I spin in a circle, taking it in, the doorman in uniform, the sign outside that reads Spacious, Open-plan Lofts for Sale. Inquire Inside. I know where I am. I’ve been here before.

Just like that, I’m standing at Liam’s front door.

I didn’t know I was coming here. I didn’t come here on purpose. But here I am, and now that I’m here, I make an attempt to scoot past the doorman and into the building. Because maybe Liam can help me think this through. The little girl in the car accident, the man in the garden. He’ll make me see that there’s nothing sordid going on. That it’s only a coincidence.

The doorman stands on the curb, hailing a cab for a resident. “Can I help you, miss?” he asks, catching sight of me out of the corner of his eye, as he steers the resident into the back seat of the cab and closes the door for her.

He steps closer to me. “I’m here to see Liam,” I say.

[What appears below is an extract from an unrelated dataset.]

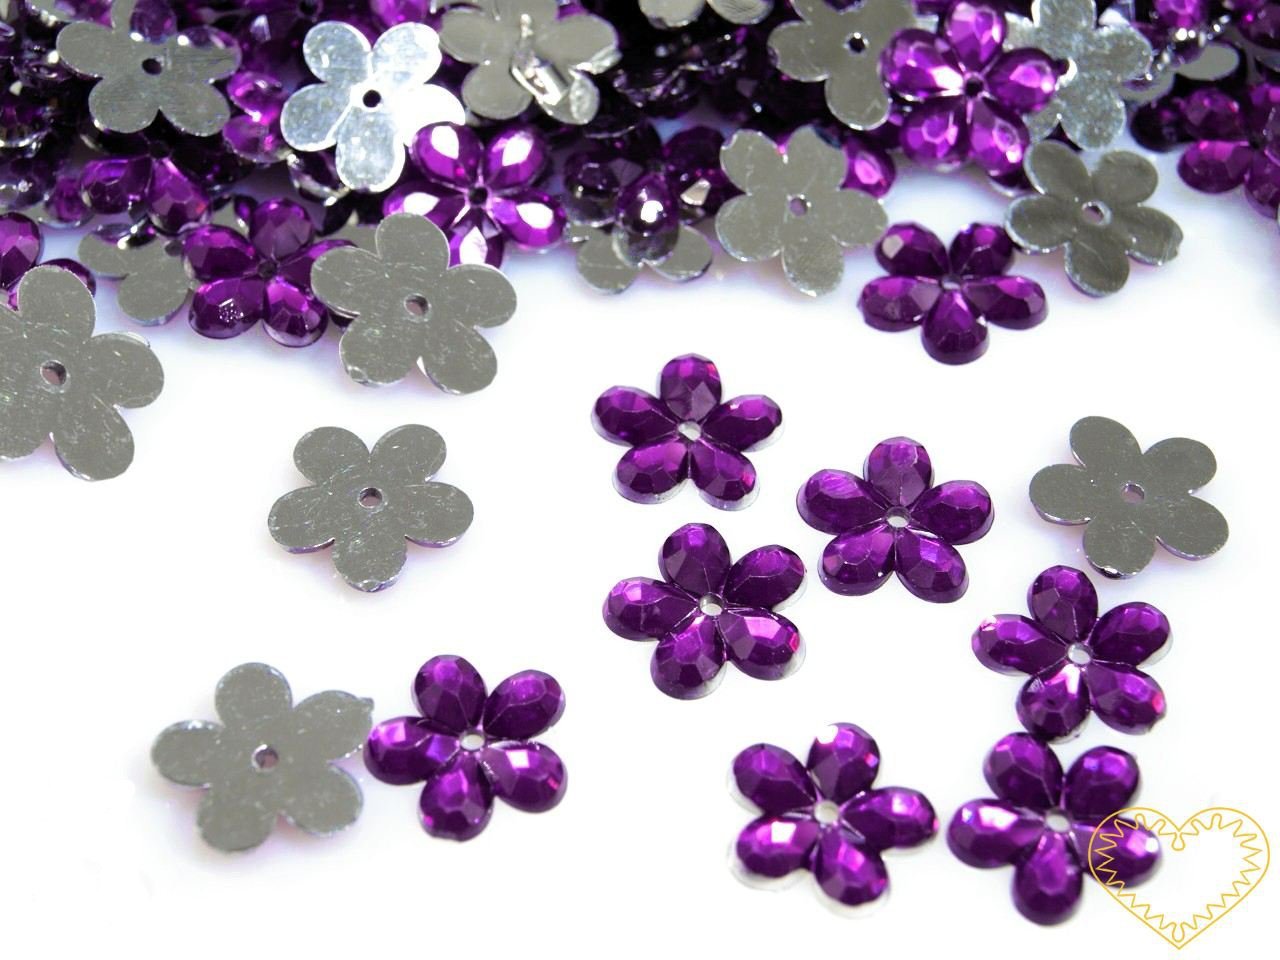 Našívací kytičky fialové Ø 11 mm -20 ks. Vhodné k dekorování tašek, kabelek, triček, klobouků, čepic, bot, bytového textilu, při výrobě maňásků, panenek, přáníček ad.
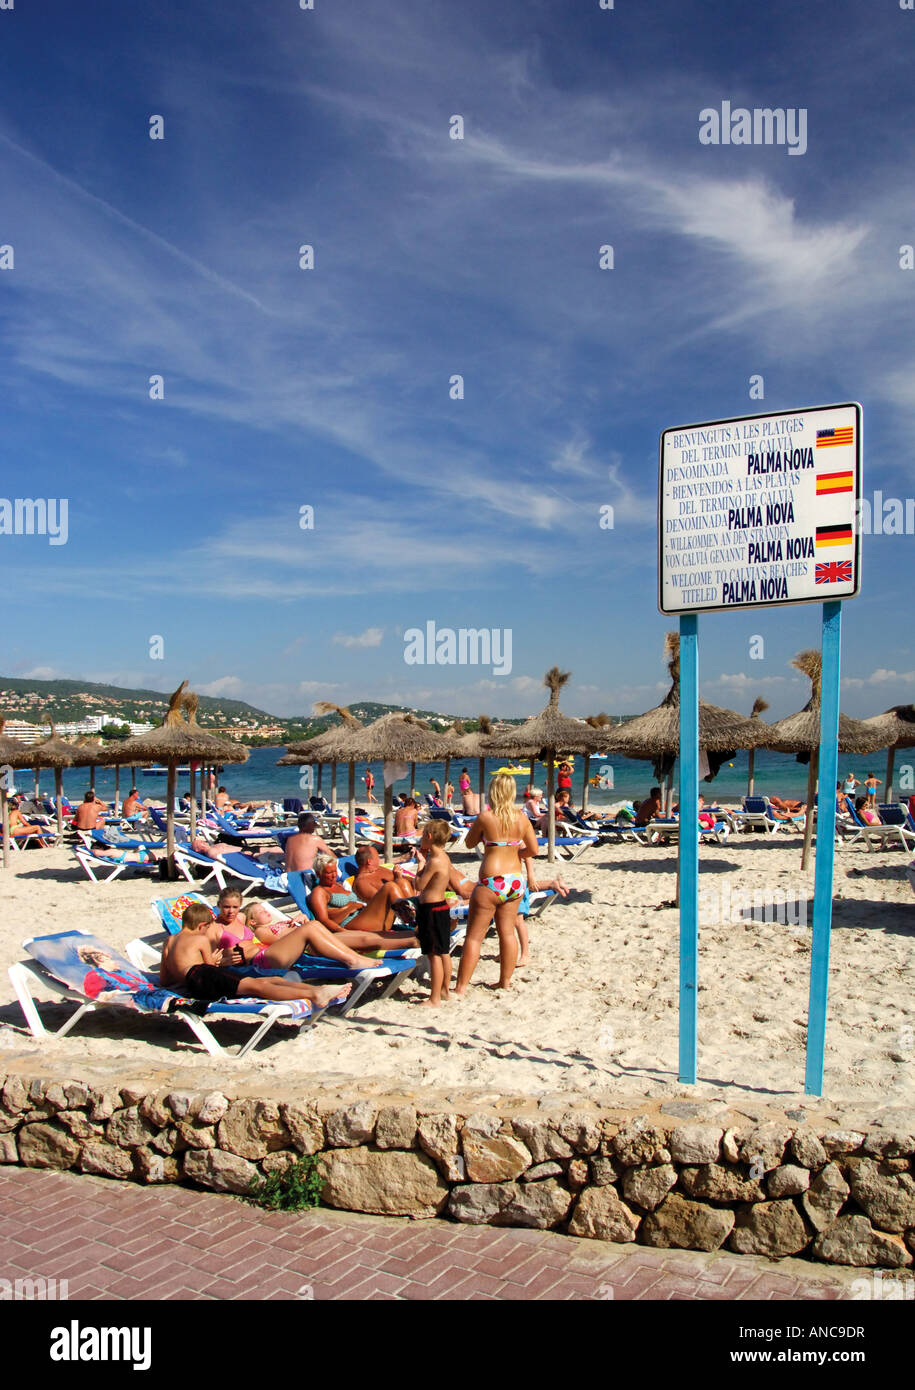 location sign and people Palma Nova beach Majorca Spain Stock Photo

His smile is mocking. Wary. “Liam who?” he asks, playing dumb, and I freeze, realizing only then that I don’t have a last name. That to me he’s just Liam. That until yesterday he wasn’t even that, because before yesterday he didn’t have a name. He was only the guy from the hospital, the one with the blue eyes.

But I also realize that the doorman knows fully well what Liam’s last name is. He isn’t curious. He’s testing me, checking to see how well I know Liam before he lets me in.

“I don’t know his last name,” I admit, feeling uncomfortable as my feet shift in place. At first he’s hesitant, not sure he wants to phone Liam or not. For all he knows, I’m someone Liam is avoiding, someone he doesn’t want to see. And that’s his job, to keep unwanted visitors at bay, unwanted visitors like me.

He sizes me up and down. He asks twice what my name is. Both times I say Jessie, though for the first time I start to doubt that it is. I feel disheveled, disoriented, and though I have no idea what I look like, I can see it in the doorman’s eyes. It’s not good. I run my hands through my hair; I rub at my twitching eyes.

“Is Liam expecting you?” he asks, and I’m not quick enough on my feet to lie. I tell him no.

“Can you call him for me, please?” I plead, the desperation in my voice palpable to both him and me.

The doorman reluctantly phones Liam for me, but Liam doesn’t answer his call. “He’s not home,” he tells me, setting the phone down. I feel the skeptic in me start to take hold. He’s lying. He didn’t call him. He only pretended he did, but he didn’t. I think that maybe the number he dialed wasn’t Liam at all, or maybe he didn’t push enough digits for the call to go through. Or he hung up before Liam had a chance to answer.

I’m about to get angry, but then I remember. The funeral. Liam’s brother’s funeral is today. He’s at the funeral. He’s not home.